Secara garis besar, pengklasifikasian batubara dapat dibagi menjadi
tiga kelas, dibagi berdasarkan uruta kedalaman posisinya di dalam perut
bumi:
1. Lignit
Adalah batubara yang terdapat pada lapisan paling atas, dan merupakan
batubara kelas rendah. Lignit merupakan batubara cokelat yang secara
fisik bersifat lunak karena mengandung 35-75% air di dalamnya. Batubara
jenis ini memiliki sedikit kalori.
2. Bituminus
Adalah batubara yang terdapat di lapisan tengah. Terbentuknya
batubara jenis Bituminus tentu saja lebih lama dibandingkan Lignit.
Bituminus mengandung senyawa Karbon antara 68-86% dengan kadar air
antara 8-10% dari keseluruhan beratnya. Kalori yang terdapat dalam
Bituminus cukup tinggi.
3. Antrasit
Adalah jenis batubara terbaik. Warnanya hitam mengkilat. Antrasit
mengandung kalori tinggi dengan kadar karbon antara 86-98% dan kadar air
kurang dari 8%. Antrasit berada di lapisan paling dalam di perut bumi
dan merupakan batubara kualitas terbaik di dunia.
Untuk lebih jelasnya, berikut penjelasan melalui gambar:
Mendengar penjelasan ini, saya mencoba menganalogikannya dengan
konsep ‘memecah’ ide untuk berkarya komik (karena saya seorang komikus
:p ).
Terkadang saya bertanya-tanya, mengapa komik Dragon Ball bisa begitu sukses di pasar dunia?
Apa yang membuat ‘materi’ itu begitu menarik untuk dibaca?
Selama bertahun-tahun, saya mengulang pertanyaan itu terus menerus di
kepala sambil tidak berhenti melakukan riset atas objek komik itu.
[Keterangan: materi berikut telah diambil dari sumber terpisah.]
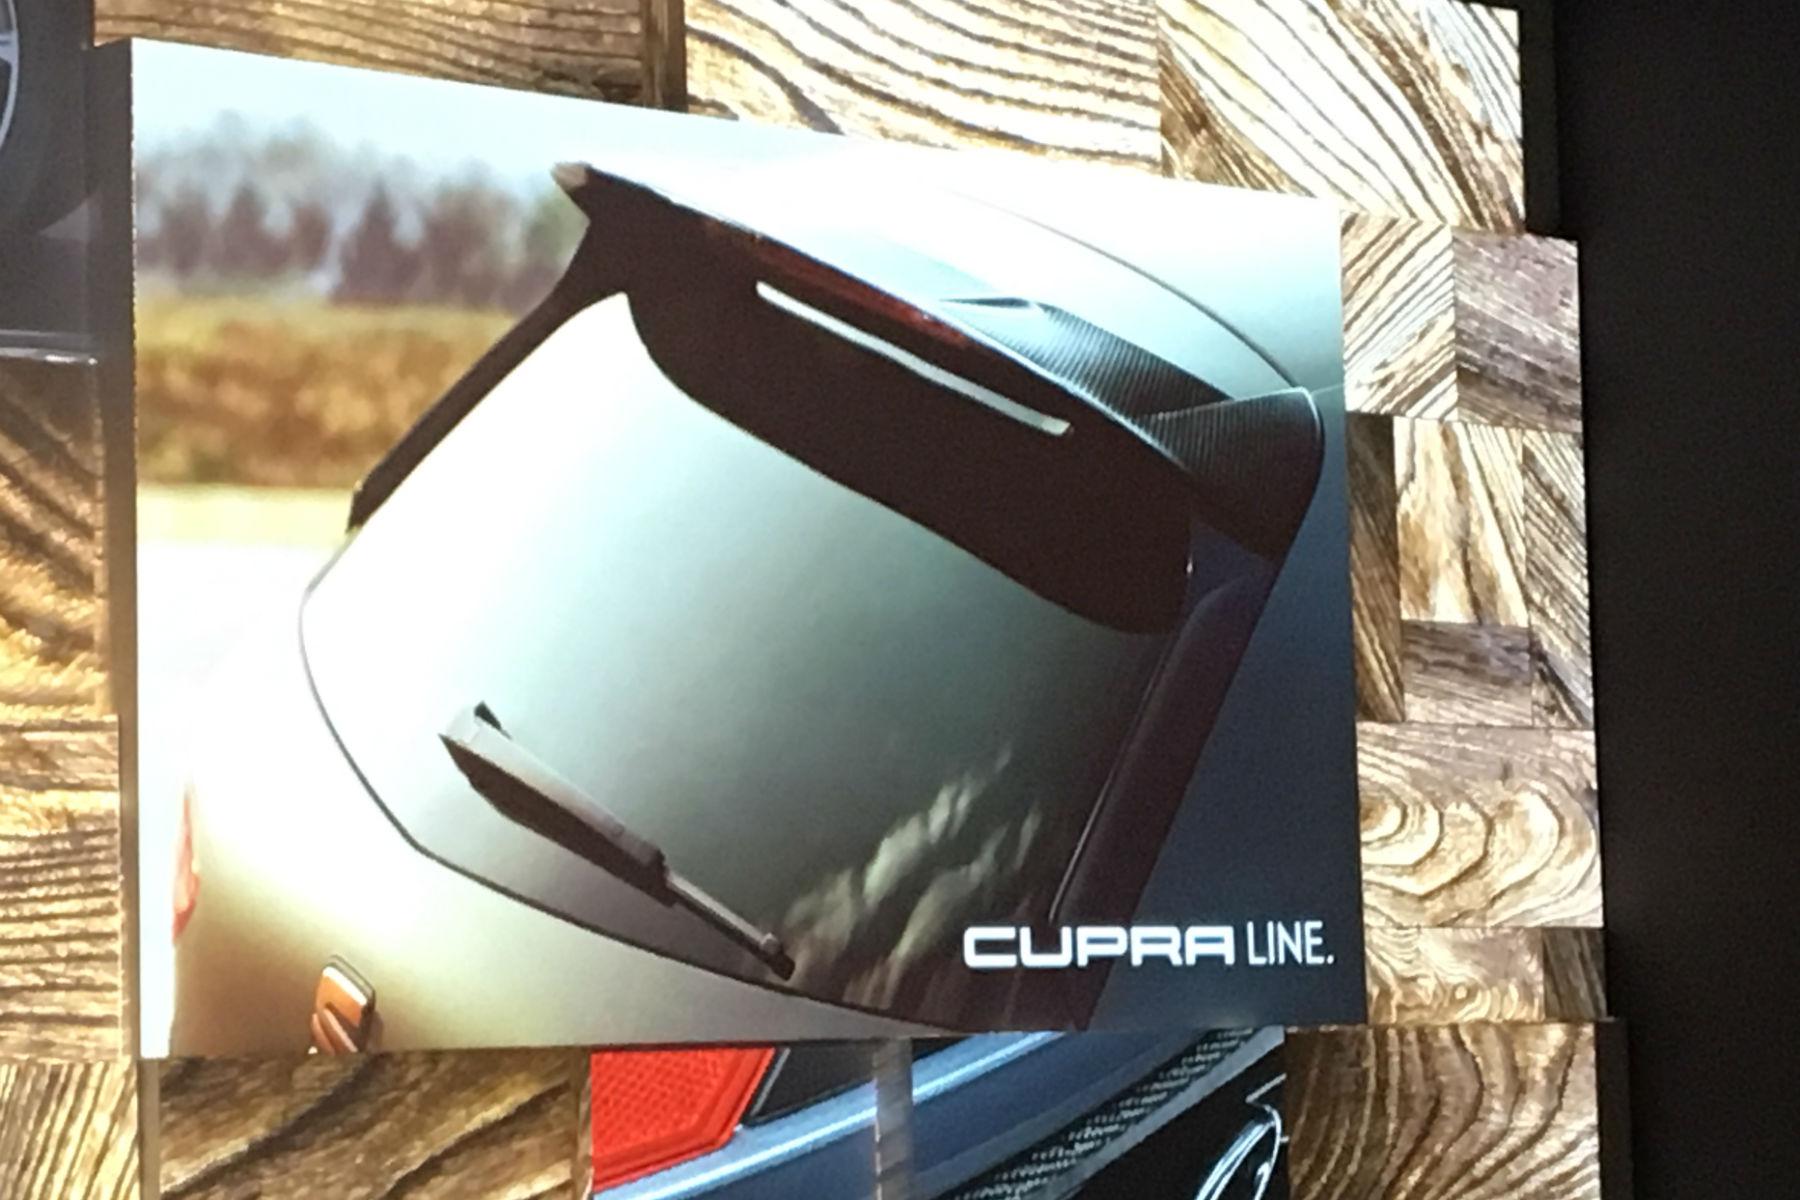 Cupra Line

Barulah belakangan ini saya menyadari alasannya. Dan ternyata, kunci
utamanya sangat sederhana.
Akira Toriyama, komikus yang melahirkan Dragon Ball
adalah seorang fisikawan sejati. Itulah hasil riset saya. Akira adalah
apprentice (murid) dari Osamu Tezuka, seorang komikus
legendaris yang melahirkan Astro Boy. Dari tangan Pak Osamu, terciptalah
karakter bocah setengah robot bernama Atom
yang terbit pertamakali di tahun 1951 di Jepang. Kemunculan Atom sebagai
seorang robot melalui komik Astro Boy telah menginspirasi anak-anak di
Jepang untuk bercita-cita menjadi ilmuwan Robotika. Tidak mengherankan
mengapa sekarang begitu banyak Ahli Robotika di negri itu. Inspirasi
tentang robot tersebut kemudian menular kepada komikus muda di masa itu
yang bernama Akira Toriyama. Saat itu, Akira sensei menciptakan sebuah
karya komik hasil dari pengembangan inspirasi ‘manusia robot’ karya
Osamu yang diberi judul ARALE. Seperti halnya Atom, Arale adalah
seorang gadis kecil yang sejatinya adalah robot. Bayangkan, begitu
dahsyatnya pengaruh Osamu hingga akhirnya menginspirasi Akira-sensei
untuk menciptakan karya yang sama.
Tidak berhenti sampai disitu, Akira Toriyama kemudian menciptakan
Dragon Ball. Setelah membaca ulang komik ini dari jilid 1 sampai 42,
barulah saya mengerti betapa jeniusnya Akira Toriyama itu.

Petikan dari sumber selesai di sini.